Bu kriz ortamında, dünyanın bir ucuna özel uçak yollamak en son savunacağım şey olur ama cevaba muhtaç bir soru var ortada:

Bir devletin itibarında hangi halde tasarruf edilmez?

Bakanlar gazeteci kankalarıyla dünyanın bir ucuna maç izlemeye giderken mi?

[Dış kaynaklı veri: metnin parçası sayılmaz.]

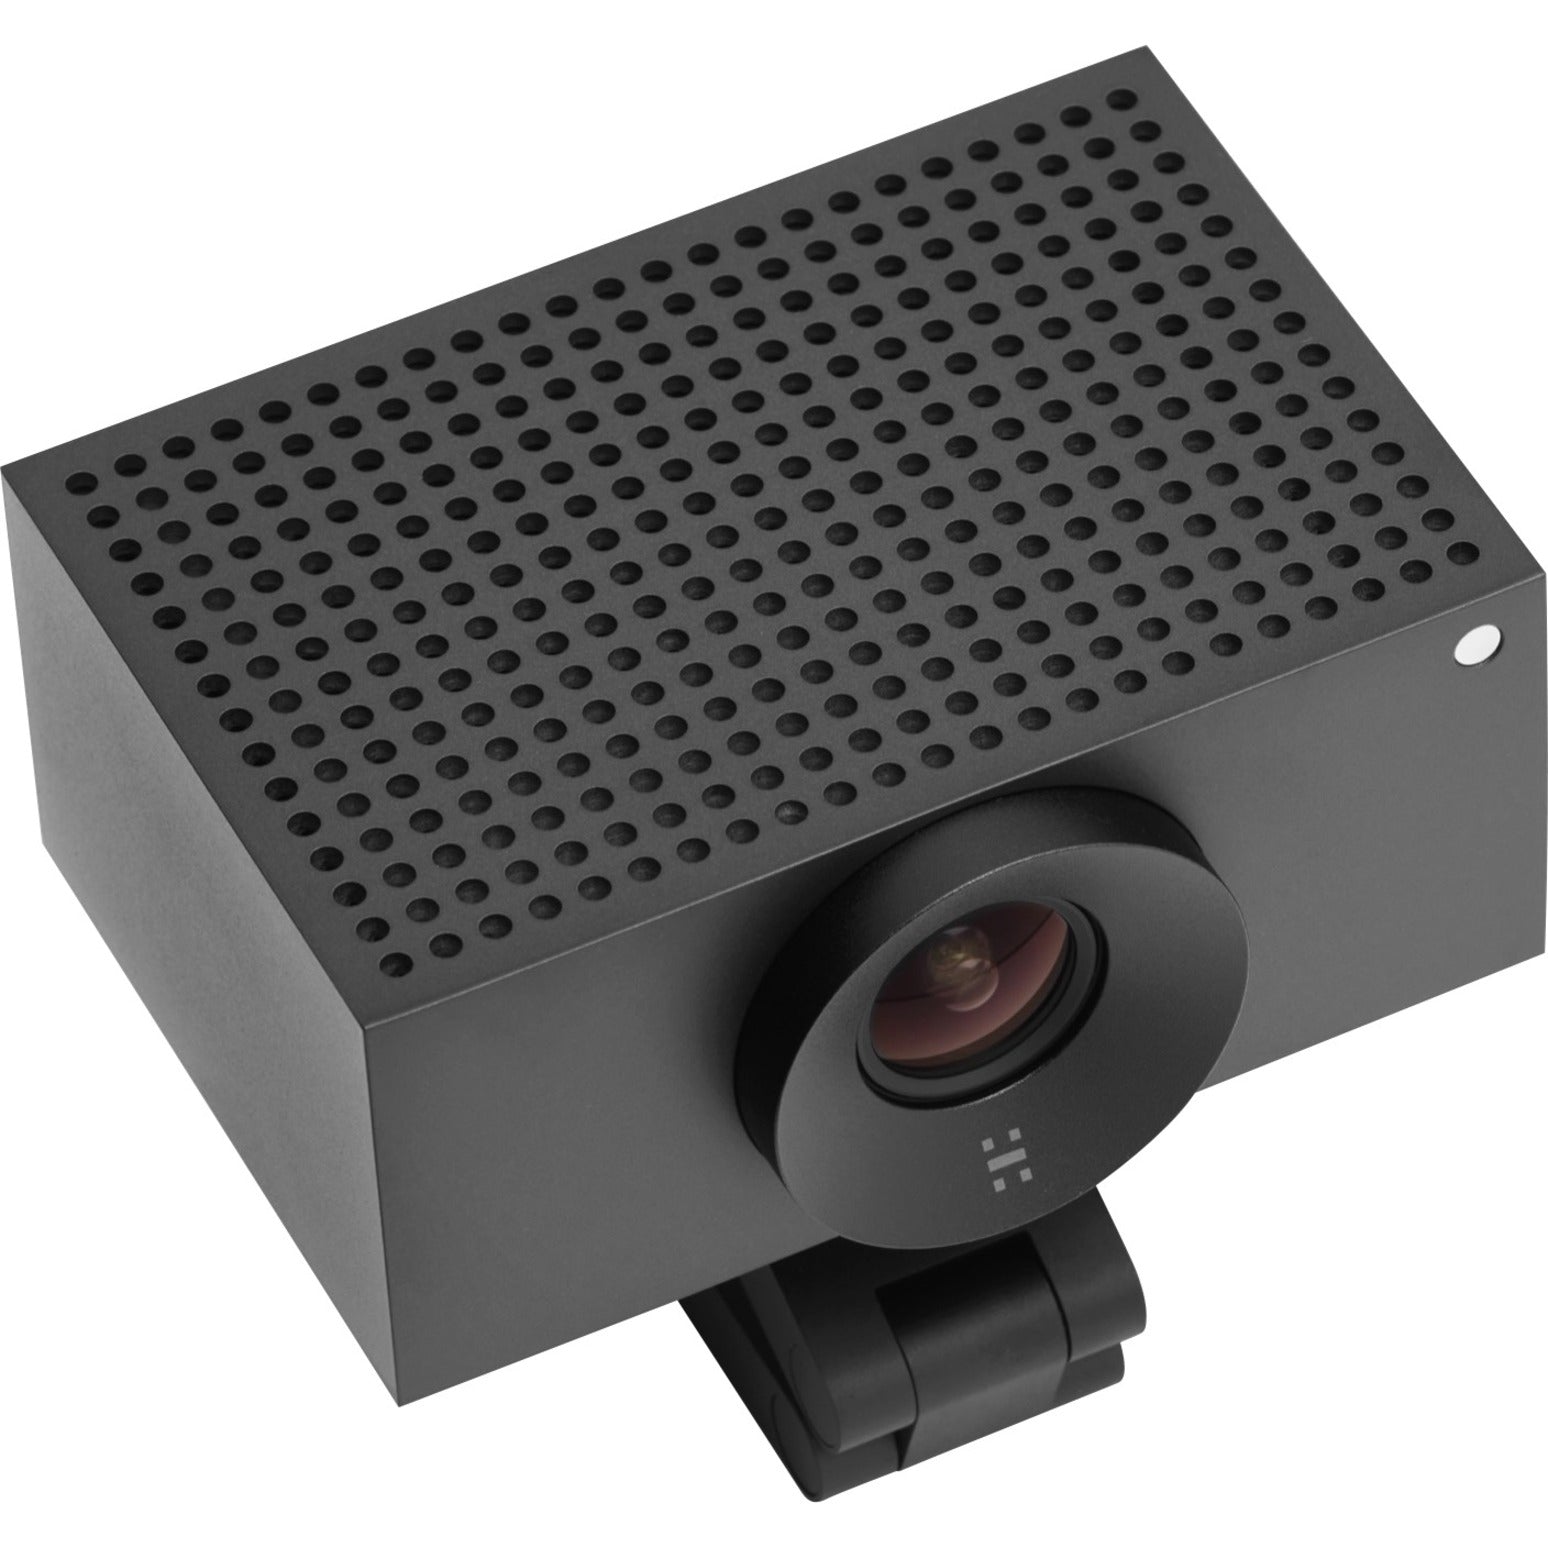 Huddly 7090043790764 S1 Video Conferencing Camera, 12 Megapixel, 30 fps, Matte Black

Türkiye'nin tehdit edildiği yaptırımlar şahsında uygulanmış bir adamın, zaman zaman hayli yalnız bırakıldığı dünyanın bir ucundan ülkesine, devlet eliyle ve müstesna bir yöntemle getirilmesi gerektiğinde mi?

***

Rahip Brunson'un, ülkesine gitmeden önceki durağı olan Almanya'da, Amerikan büyükelçisi tarafından nasıl karşılandığını hatırlıyor musunuz?

Büyükelçi, uçağın merdivenlerine kadar gitmiş ve uçaktan inen rahibe Amerikan bayrağını uzatmış, rahip de bu bayrağı öperek teslim almıştı.

Bizimkiler de Atilla'yı bir buket taze çiçekle karşıladı!

Hangi karşılama veriyor "sahip çıkıyorum" mesajını?